Their research involved 134 patients who, between 2000 and 2007, were treated with ribavirin and interferon.

They looked at the factors associated with successful hepatitis C therapy (a negative hepatitis C viral load, six months after the completion of 48 weeks of treatment, an outcome that is often described as a ‘sustained virological response’).

Analysis showed that patients who didn’t have insulin resistance were about three times more likely to have a sustained virological response than patients who had insulin resistance.

This finding was unaltered when the investigators took into account factors such as age, gender, body mass index, type of interferon used in therapy, and fibrosis stage.

Your ability to process sugar can be easily monitored, and if you have insulin resistance, it’s often possible to do something about it.

CD4 cell count and viral load

Your routine HIV care will involve a number of blood tests to see how the virus is affecting your health.

Two of the most important tests are CD4 cell count and viral load.

Your CD4 cell count gives a rough idea of the health of your immune system, and your viral load shows how active HIV is within your body.

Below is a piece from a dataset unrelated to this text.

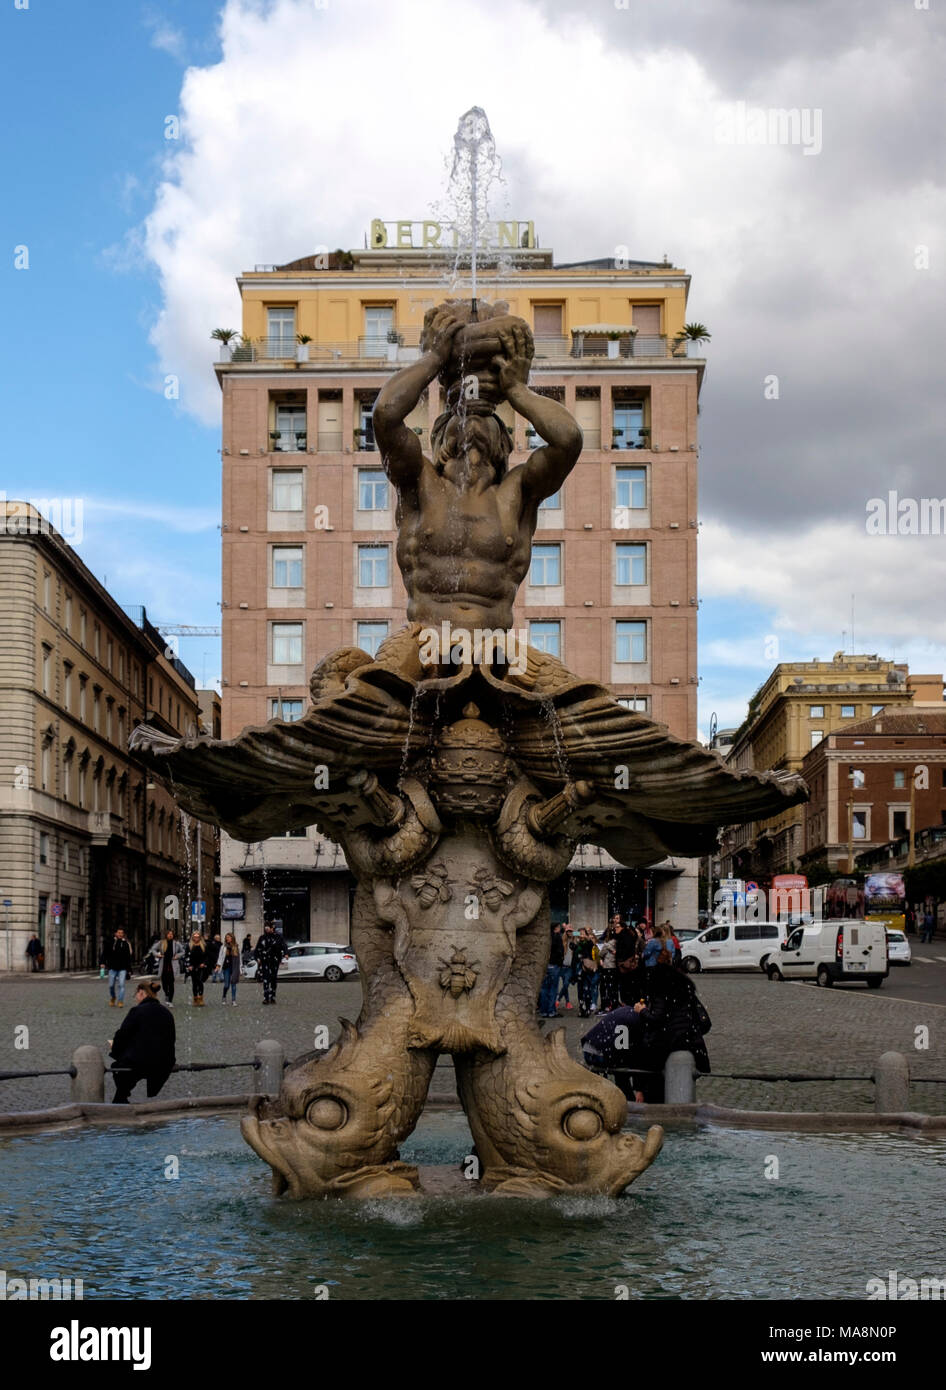 The Fontana del Tritone, Fountain of Trirton situated in Piazza Barberini in the heart of Rome, Italy Stock Photo

If you’re not taking HIV treatment, it’s usual for your CD4 cell count to gradually decline. However, the viral load of many people remains steady until it increases shortly before they become very ill with HIV and develop an AIDS-defining illness.

The viral load test monitors the amount of HIV in blood. Other tests can monitor the amount of virus in cells.

Dutch researchers have found that increases in viral load in cells are associated with a loss of CD4 cells.

They monitored patients who were not taking HIV treatment and who were not ill because of HIV.

Their research showed that, as expected, there was a fall in the patients’ CD4 cell counts.

However, viral load in their blood did not increase.

But falls in CD4 cell counts could be correlated with increases in viral load in cells.

There were only ten patients in the study, so the researchers are calling for more research to see how reliable their findings are.